Any truth that you guys have heard or just something else?


----------



## Garbo (Oct 2, 2007)

Try this:

Bury a salt block and a Mineral Block side by side just deep enough that the tops are level with the ground. Pour 1 gallon of Clorox Bleach over the top of them and releave yourself and as many buddys as you can convince to go with you over the top of the mineral and salt licks. 

Unreal.


----------



## soalsrfr (Dec 10, 2007)

Guess I'll have to try it...just hang on to my pee jug from a days hunt and pour it over it before I head out.


----------



## simpleman (Oct 20, 2007)

> *Garbo (12/10/2007)*Try this:
> 
> Bury a salt block and a Mineral Block side by side just deep enough that the tops are level with the ground. Pour 1 gallon of Clorox Bleach over the top of them and releave yourself and as many buddys as you can convince to go with you over the top of the mineral and salt licks.
> 
> Unreal.


I think i am going to have tothrow a b.s flag on this one.


----------



## Garbo (Oct 2, 2007)

> *simpleman (12/10/2007)*
> 
> 
> > *Garbo (12/10/2007)*Try this:
> ...


*Duh. You shouldn't have gave it away. Wouldn't it have been cool to read the report about setting up the mineral blocks and the Urinary Circle of Buds. You ever been on a snipe hunt?*

*Dang.*


----------



## simpleman (Oct 20, 2007)

man have a heart i can only see some poor hunter screwing up his,her chance of a lifetimeon this on sure it would be funny but i would fill bad in the morning:angel


----------



## ironman172 (Sep 28, 2007)

Snipe hunt....


----------



## soalsrfr (Dec 10, 2007)

So...while we're pissing on the blocks should we hold each other's or our own?


----------



## ironman172 (Sep 28, 2007)

I did what you said Garbo....pee'd all over it(mineral block)!!!! The deer doesn't seem to mind....


----------



## rubberboat (Oct 2, 2007)

ty the jug to a tree fill it half full of molassis and corn on a full moon nite you hear the deer tryeing to eat throo the holls you cut in it :blownaway then you tell your friends the next morning you killed hime in the daylight


----------



## Midnight Rider (Sep 30, 2007)

> *ironman172 (12/10/2007)*
> 
> 
> 
> ...


 Dangit you stole my idea..... I was going to invite them to my snipe hunting ranch and get them to hold the bag....... Hook him!!!! Reel him in!!!!


----------



## showme parrothead (Nov 30, 2007)

That has got to be the strangest looking deer I have ever seen , must have had to much and bleach/pee or sumin. Guess I'm used to Missouri deer with regular eyes. lol


----------



## tljbabc (Oct 22, 2007)

human pee does not bother deer in any shape or form that is all a mith about peeing in the woods


----------



## SPECKDECK (Oct 2, 2007)

Maybe you could just cop a squat in the middle of your field and produce a nice steamy turd lick!!!

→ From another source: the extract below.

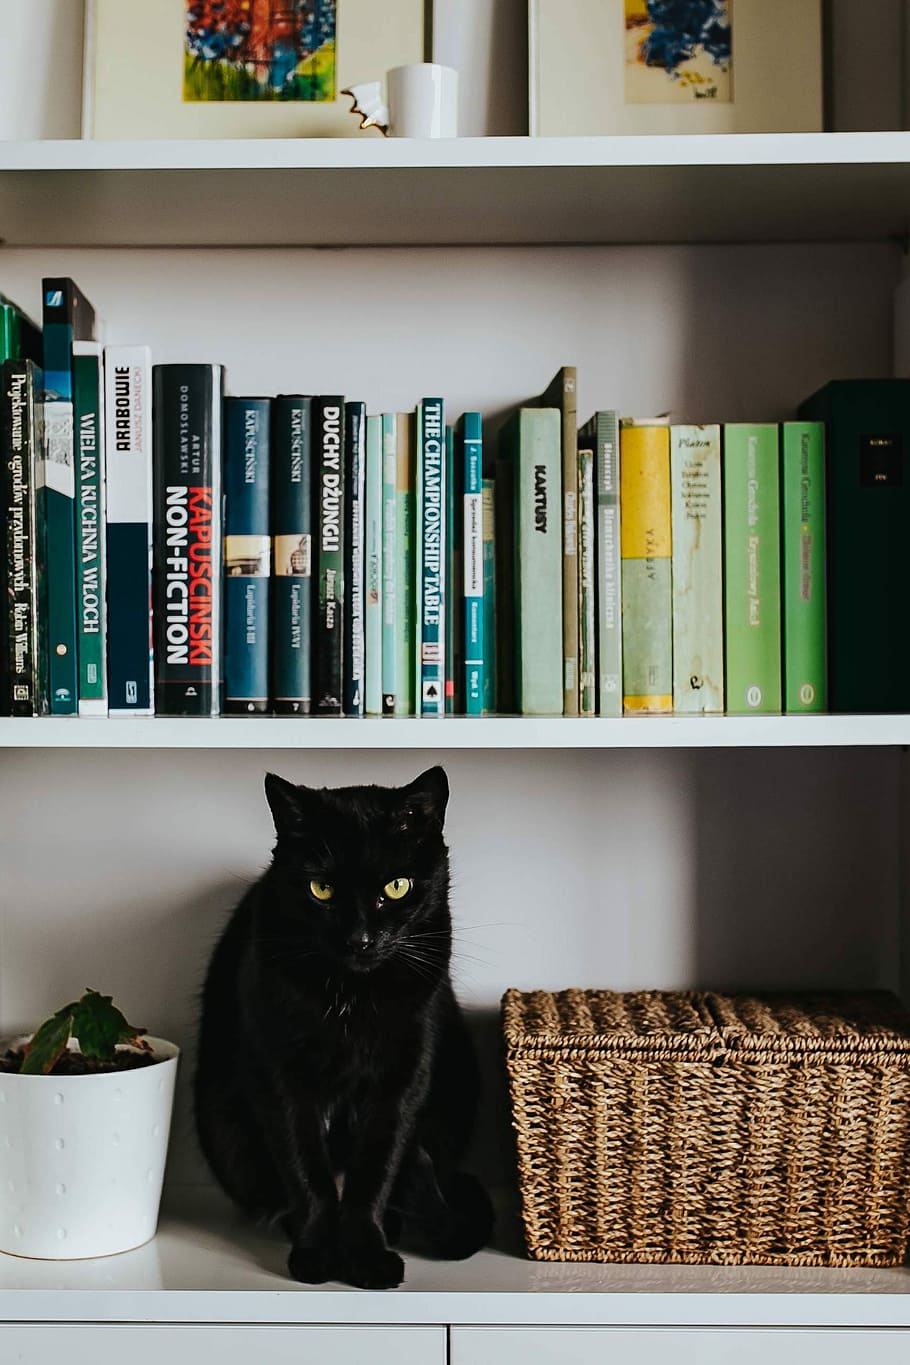 negro, gato, canasta de mimbre, blanco, estantería, gato negro, estante, mascota, animal, libros

Seriously, I have opened the door to a hunting house and peed out the back and the deer never flinched. They get conditioned to humans. Does do anyway. Wouldn't try it with a rack in the field!


----------



## fishn4real (Sep 28, 2007)

> *SPECKDECK (12/11/2007)*Maybe you could just cop a squat in the middle of your field and produce a nice steamy turd lick!!!
> Seriously, I have opened the door to a hunting house and peed out the back and the deer never flinched. They get conditioned to humans. Does do anyway. Wouldn't try it with a rack in the field!


If that is true, why do deer run like %^&() when they hear humans; or when a human and deer are in sight of each other, all the human sees of the deer is the white flag.:banghead Yeah, they are conditioned all right.

Here are a couple of other mythes: Deer don't mind cigarette smoke - because the Marlboro man lives in the woods with them.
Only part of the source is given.